(A) A tissue field was wrapped around a lumen to form a 2D stratified epithelium modeling a 3D mammary end bud. Example of a cell failing to contact the basal surface (blue), with protrusion strength of 1.6× and posterior gradient strength of 1.06× field strength. (A′) Example of a successful intercalation (blue), with protrusion strength of 1.5× and posterior gradient strength of 1.4× field strength.
(B) Protrusion strength and gradient strength were varied across FEM simulations to define the mechanical characteristics of successful boundary contact, within the context of the in silico TEB model from (A). Tension magnitudes are defined as in (Figures 3I–J).

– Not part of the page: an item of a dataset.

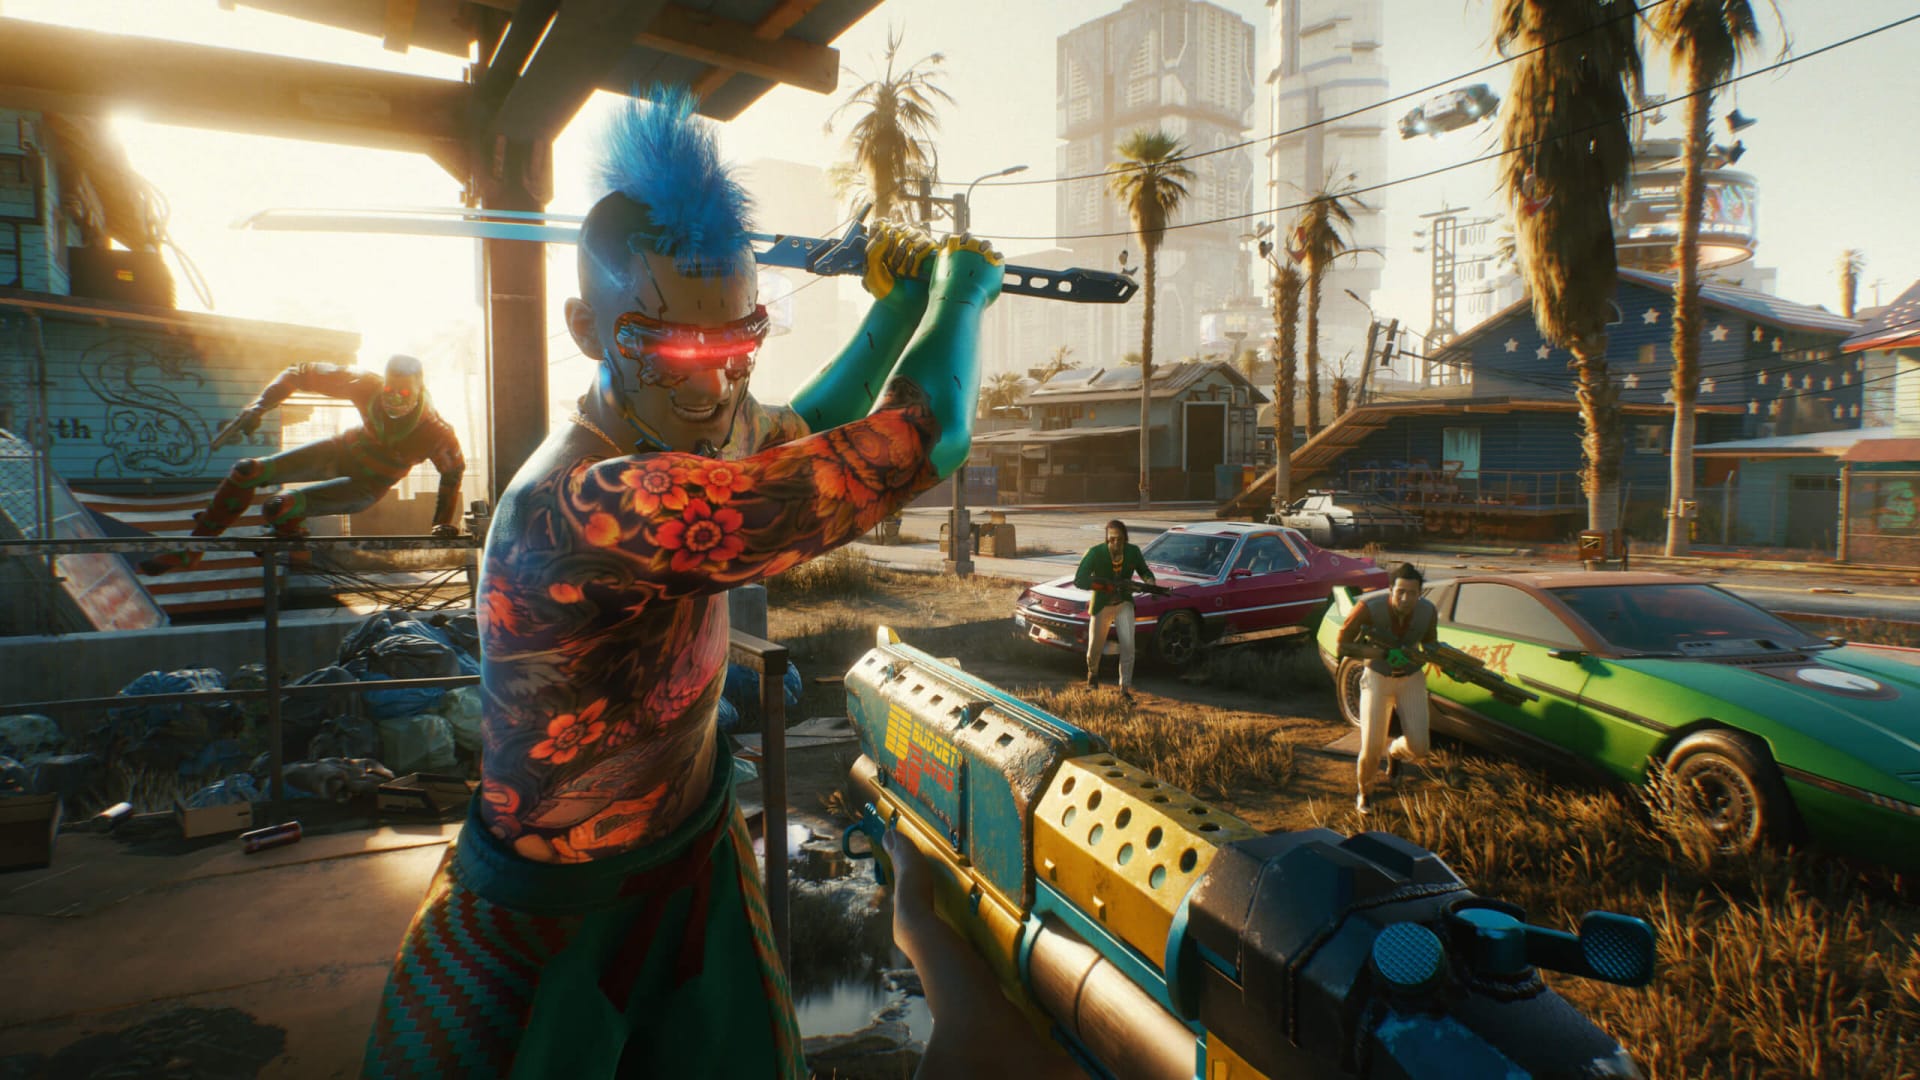 Cyberpunk 2077 gets 'Ray Tracing: Overdrive Mode' in latest patch

(C) Quantification of basal area dynamics (C) prior to and (C′) after radial intercalation. The YZ maximum intensity projection displays the cell’s basal area in green.
(D) YZ-axis projection showing membrane (tdTomato, red) and 3D surface rendering (green) of basal area during (D) transient and
(E) permanent intercalation.
(F) Quantification of basal area (μm2, from D) during transient and
(G) permanent (μm2, from E) intercalation.
(H) Quantification of the maximum basal area (μm2, mean ± SD) during intercalation for transient (106.5 ± 37.8μm2) and permanent (193.2 ± 66.1μm2). N=22 cells, 19 orgs, r=11. Mann-Whitney test, p<0.001.
(I) Quantification of the rate of basal expansion (%/hour, mean ±S D) during intercalation for transient (73.9 ± 28.4%/hr) and permanent (35.7 ± 30.7%/hr). N=22 cells, 19 orgs, r=11. Mann-Whitney test, p<0.01.
(J) A FEM was generated of a tissue with high basal surface tension (dark green cells) to test candidate mechanisms for basal area of an intercalating cell. A cell (blue) was captured at the basal surface through a combination of posterior cell tension and focal disruption of the high basal tissue tension. (J′) Principle tension components (γMI, γEI, γME, yellow arrows) acting at the two intercellular junctions. M, Matrix; I, Intercalating cell; E, Epithelial cell. Angles θ and ϕ are the angles γEI and γME, respectively, make with the action line of γMI as illustrated in Figure S5D. The intercalated cell basal surface could then undergo 1 of 3 conditions:
(K) γMI<γEIcosθ+γMEcosϕ results in expansion of the basal surface (+0.75), a permanent intercalation.
(L) γMI=γEIcosθ+γMEcosϕ results in stasis of the basal surface (+0.75), a permanent intercalation.
(M) γMI>γEIcosθ+γMEcosϕ results in contraction of the basal surface (+0.75), a transient intercalation.